Описания Парижа, каким он был в 1867 году, когда там проходила Всемирная выставка, так же как и характеристики ресторанов, французских интеллектуалов и принца Наполеона, полностью соответствуют действительности.

Громоздкие театральные постановки были в то время частым явлением: «Золушка» в театре «Шатле» насчитывала пять актов и тридцать сцен, что и нашло отражение в романе.

Царь Николай I — холодный, мстительный человек с низменными устремлениями — был, вне всякого сомнения, самым непредсказуемым из европейских правителей того времени. В 1841 году королева Виктория писала:

«Этот человек определенно оставляет поразительное впечатление: он необыкновенно красив, у него бесподобный профиль… но глаза его смотрят с выражением, которое внушает ужас и какое я не встречала у других людей… При этом ум его совершенно невоспитан…»

Царь Александр II направил в Сенат тайный указ, согласно которому детям, рожденным его фавориткой княгиней Екатериной Долгоруковой, жаловались титулы князя и княжны.

Глава 1

Год 1867


— Его высочество князь Иван Волконский! — провозгласил облаченный в ливрею британского посольства лакей.

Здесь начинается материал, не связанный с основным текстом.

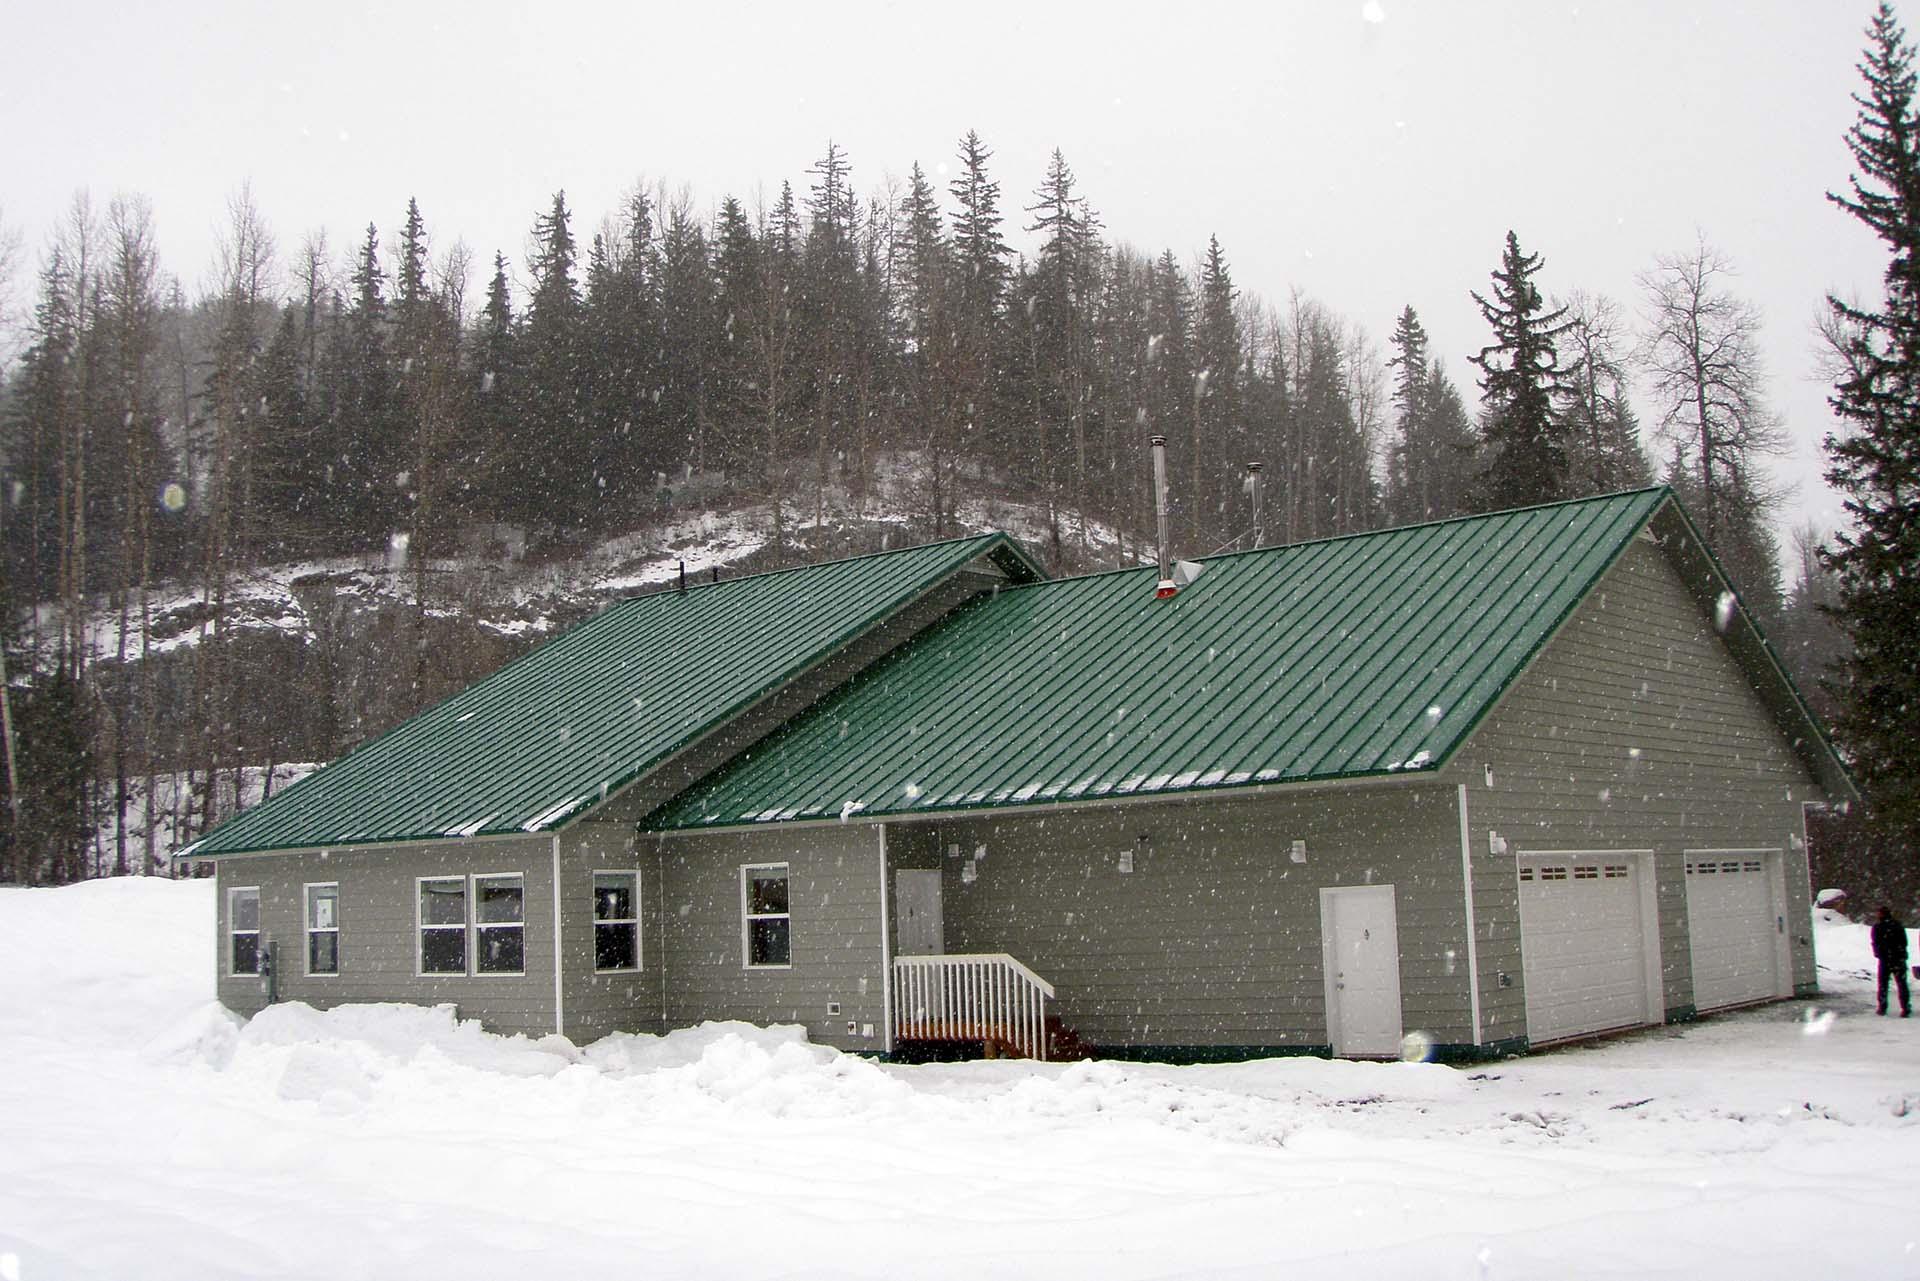 Craftsman Homes - Dalton Cache - Haines, Alaska

Склонившийся над письменным столом лорд Марстон с изумлением поднял голову и в одно мгновение оказался на ногах.

— Иван, дружище! — воскликнул он. — Я и не предполагал увидеть тебя нынче в Париже!

— Я приехал совсем недавно, — отвечал князь, — и был счастлив узнать, что ты здесь.

— За свои прегрешения я был сослан сюда — писать премьер-министру отчеты о Выставке, но, уж раз ты здесь, я с удовольствием пожертвую своими обязанностями, и мы с тобой отведем душу…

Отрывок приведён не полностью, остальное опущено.